Information source: Massachusetts General Hospital
ClinicalTrials.gov processed this data on August 23, 2015
Link to the current ClinicalTrials.gov record.

Condition(s) targeted: Anxiety Disorders; Somatoform Disorders

Intervention: Escitalopram (Drug); Placebo (Drug)

Phase: Phase 3

Status: Completed

Sponsored by: Massachusetts General Hospital

Official(s) and/or principal investigator(s):
Sabine Wilhelm, PhD, Principal Investigator, Affiliation: Massachusetts General Hospital (MGH)
Katharine Phillips, MD, Principal Investigator, Affiliation: Rhode Island Hospital (RIH)
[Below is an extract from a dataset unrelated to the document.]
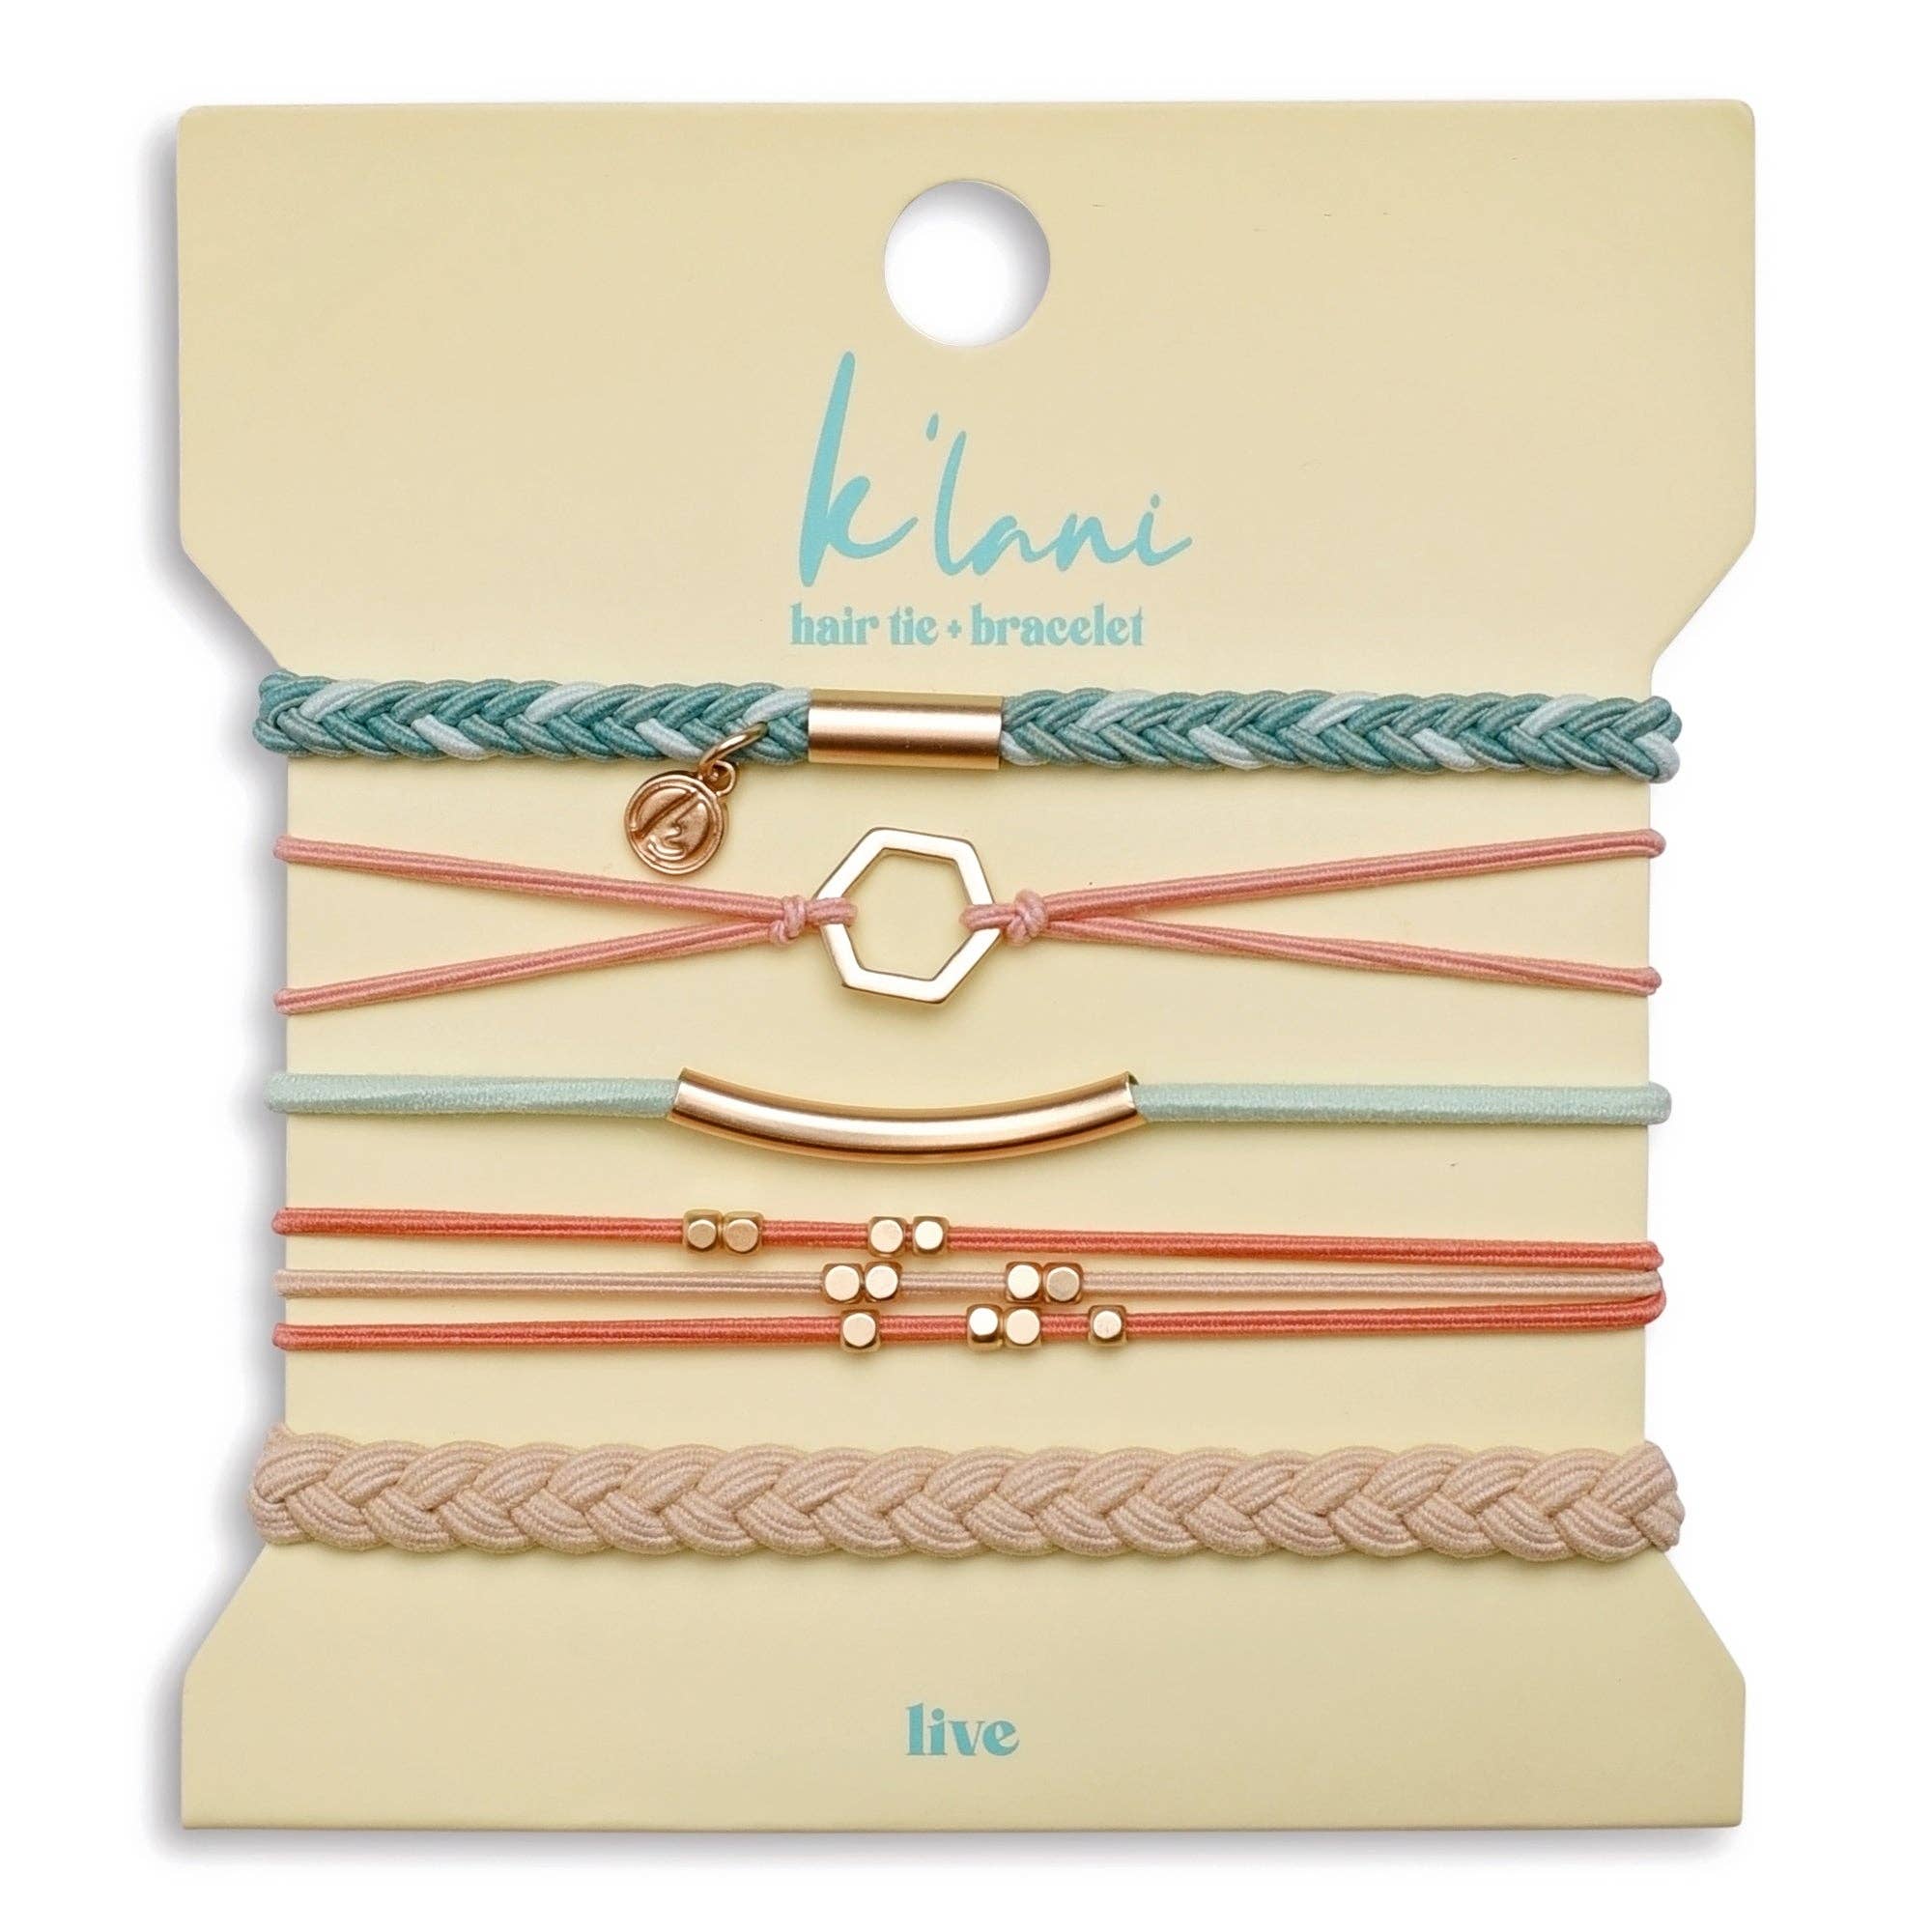 K'Lani hair tie bracelets - Live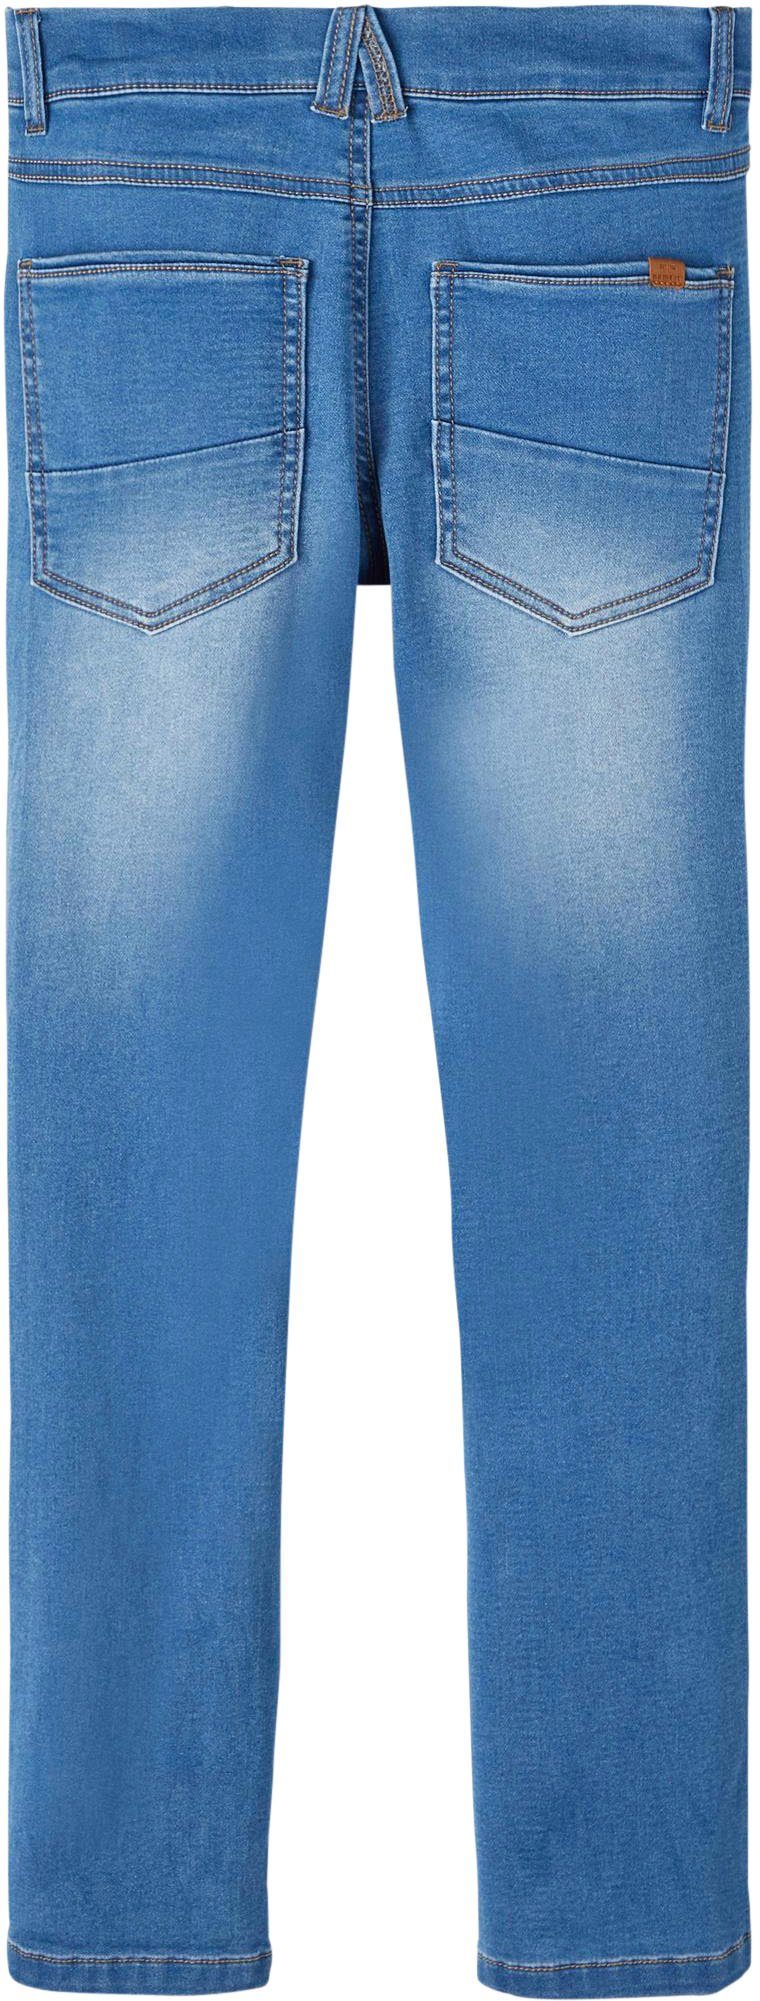 denim Stretch-Jeans SWE It blue Name NKMTHEO COR1 DNMTHAYER medium PANT

This study's primary aim is to compare time to relapse and relapse rates in responders to acute escitalopram who are then randomized to placebo versus continuation treatment with escitalopram.

Clinical Details

Official title: Pharmacotherapy Relapse Prevention in Body Dysmorphic Disorder

Study design: Allocation: Randomized, Endpoint Classification: Efficacy Study, Intervention Model: Parallel Assignment, Masking: Double Blind (Subject, Investigator), Primary Purpose: Treatment

Primary outcome: Phase II Relapse of Body Dysmorphic Disorder (BDD) Symptoms (as Measured by the BDD-YBOCS)

Secondary outcome:

Phase I Response to Escitalopram (as Measured by the BDD-YBOCS)

Q-LES-Q Short Form

Psychosocial Functioning (as Measured by the LIFE-RIFT)

Depressive Symptoms (as Measured by the HAM-D)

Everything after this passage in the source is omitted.